The Social Security Death index is a master index file of deaths reported to the Social Security Administration. It has been kept since 1962, when operations were computerized. The index includes about 50 percent of deceased persons from 1962 to 1971 and about 85 percent of deceased persons from 1972 to 2005. It also includes a few deaths from 1937 to 1961.
Last Updated: 22 March 2016
2.  
The "Social Security Death Index" is an online searchable database. It only includes the names of deceased individuals whose deaths were reported to Social Security. Beginning in 2014, rules governing the "Social Security Death Index" changed. Records for the most recent 3 years are not available.

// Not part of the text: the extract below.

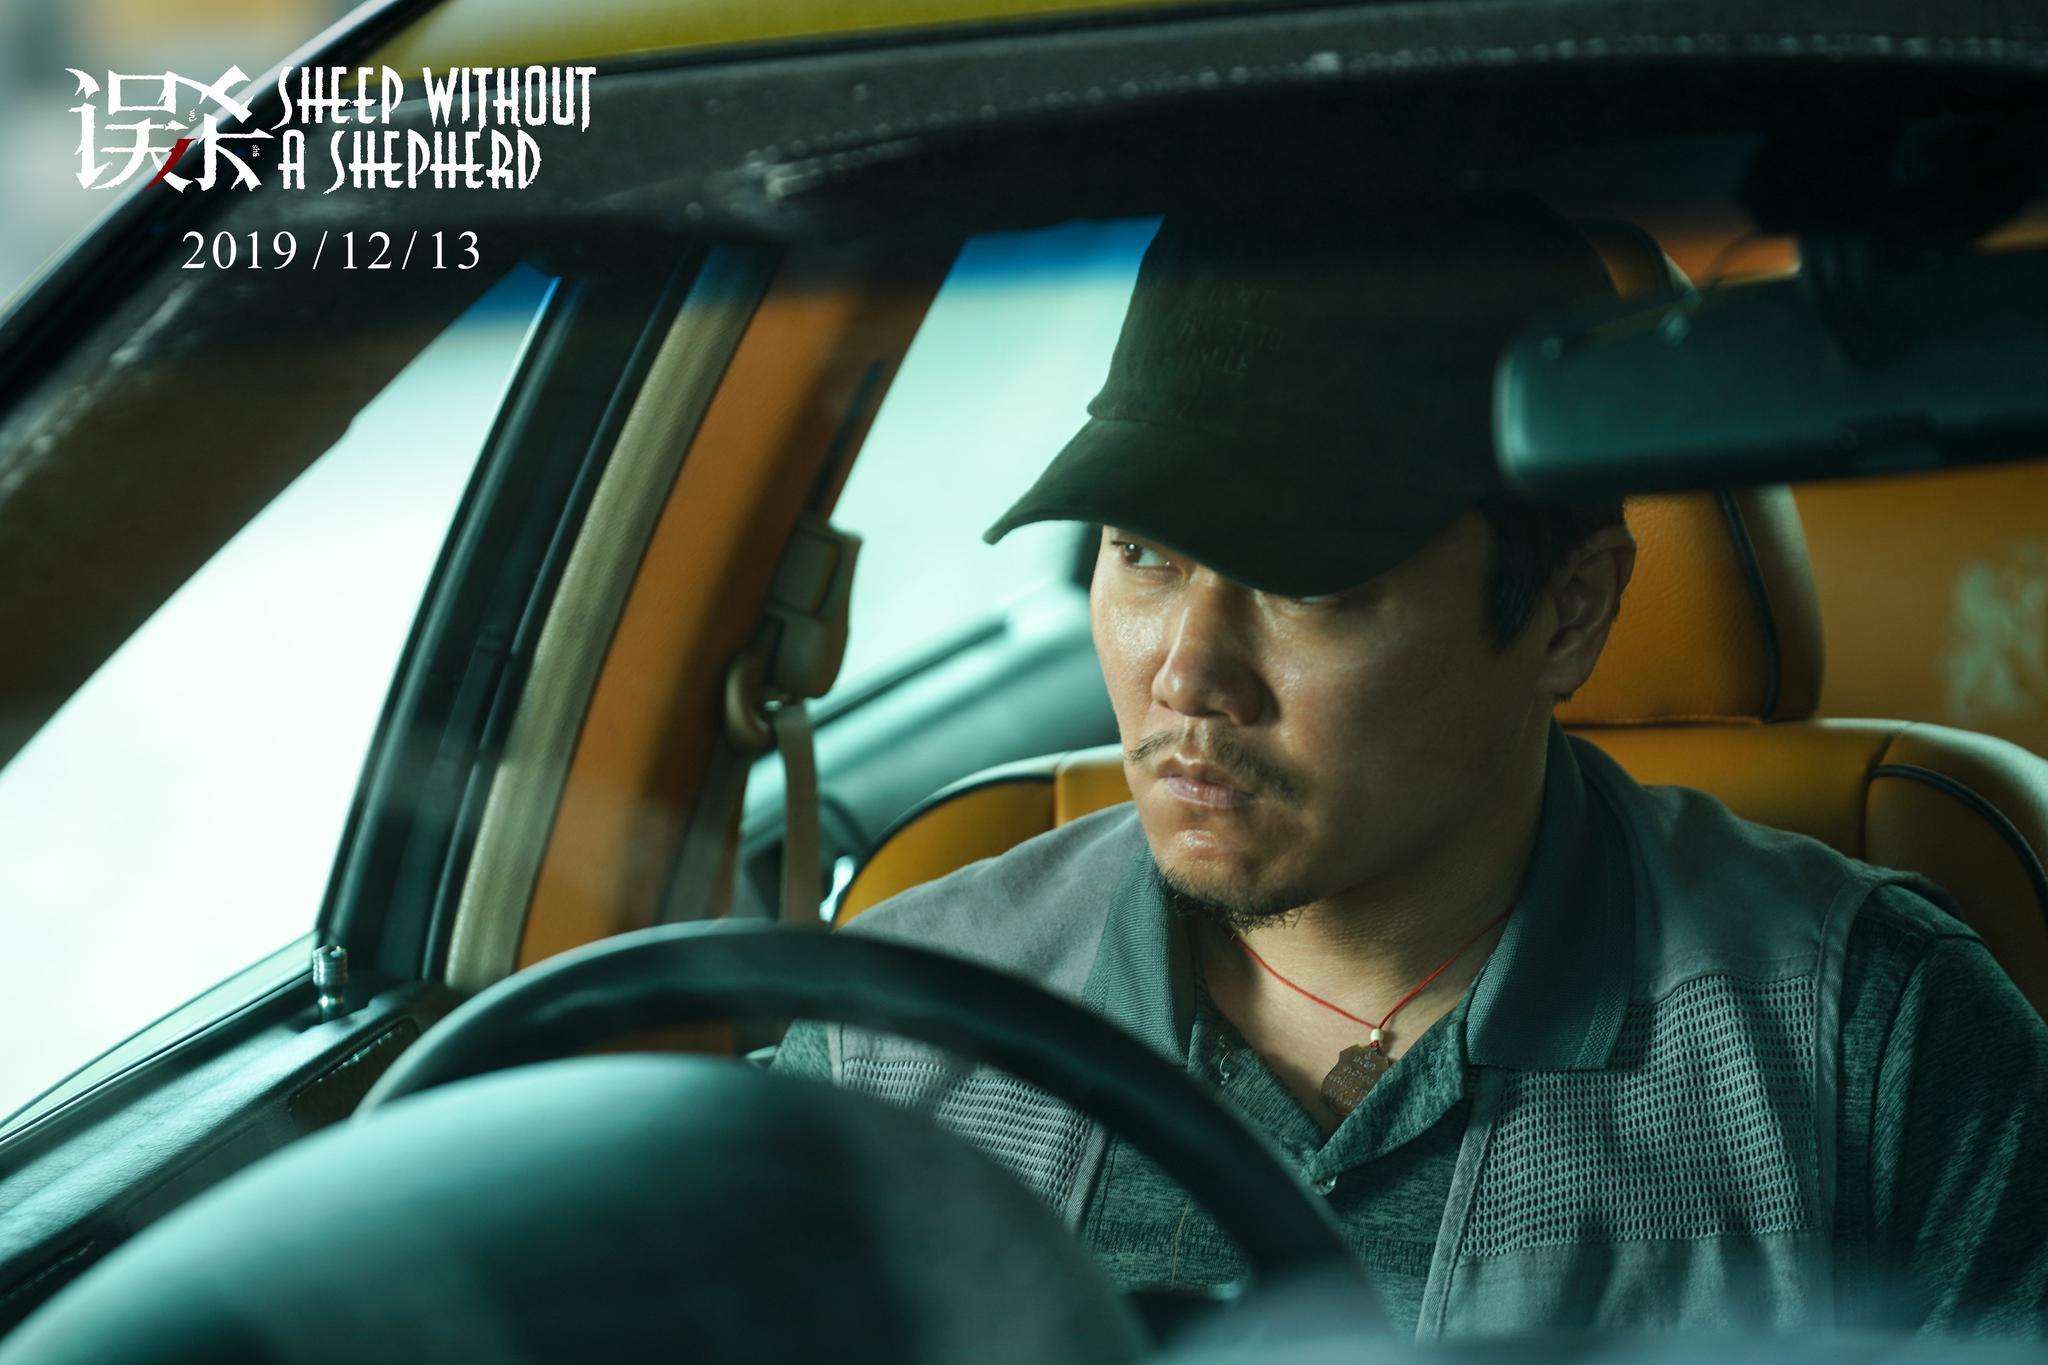 電影《誤殺》終極預告重磅發布 年度最過癮犯罪爽片預售開啟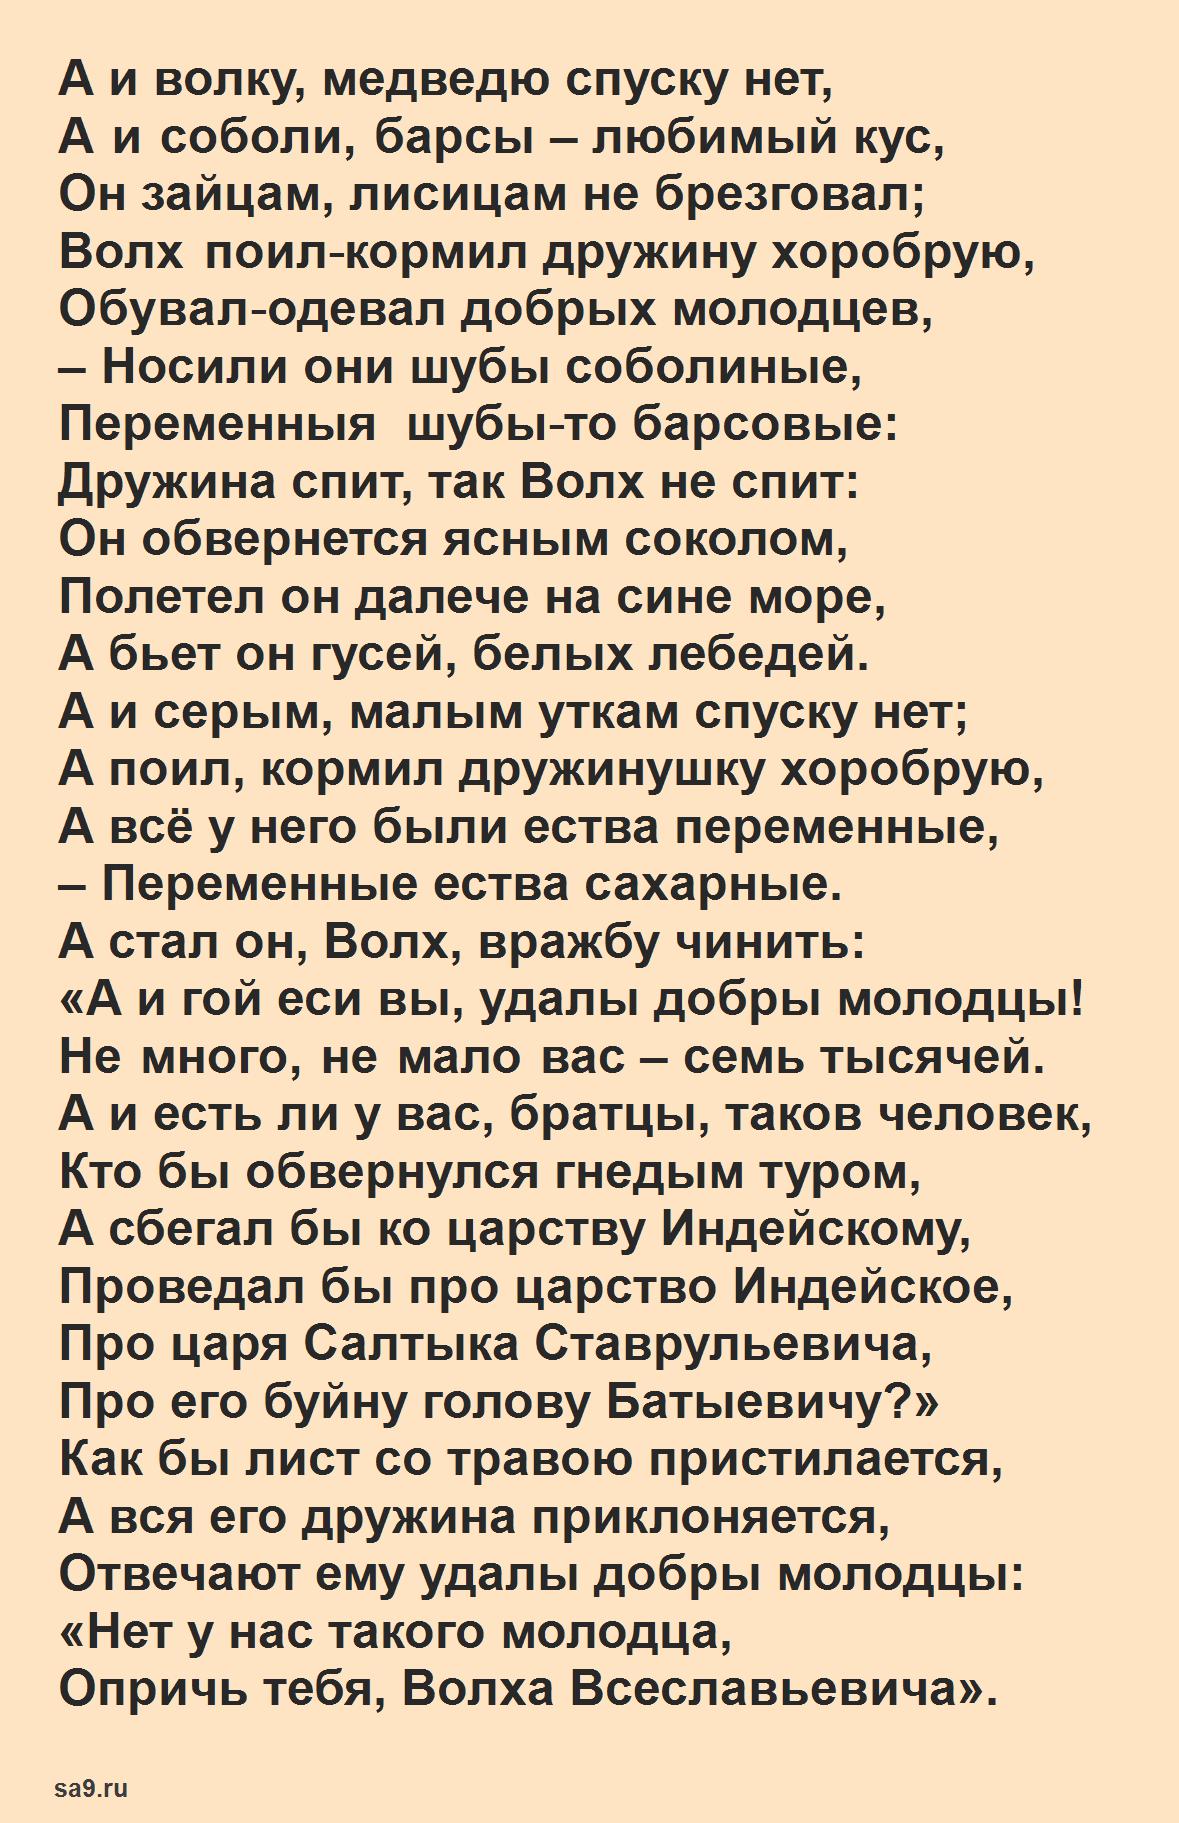 Читать былину - Волх Всеславьевич, бесплатно

Last Updated: 22 March 2016
3.  
USCIS (U.S. Citizenship and Immigration Services) was formerly known as INS (Immigration and Naturalization Service). Searching for Immigration and naturalization records is essential in genealogy research. The website which allows patrons to order index searches or record copies is at: CISHistory.Library@dhs.gov. Payment is required for searching the indexes, and then payment again to obtain copies of records located. 20th century records include: Certificate Files (C-Files); Registry Files; Visa Files; Alien Registration and A-Files.
Last Updated: 22 March 2016
4.  
The National Genealogical Society, Washington, D.C. has a genealogical course available for national accreditation and sells both supplies and reprinted genealogies and other books.
Last Updated: 22 March 2016
5.  
The National Archives and Records Administration (NARA) in Washington, DC and its Regional Branches, is the principal repository for records relating to the US federal government. These include the original paper copies of the federal census, all pre-World War I military records, Native American records, military service and pension records, naturalization records, ship passenger lists, land-entry case files, and homestead and bounty land warrant records. NARA's website is the place to begin research for federal records.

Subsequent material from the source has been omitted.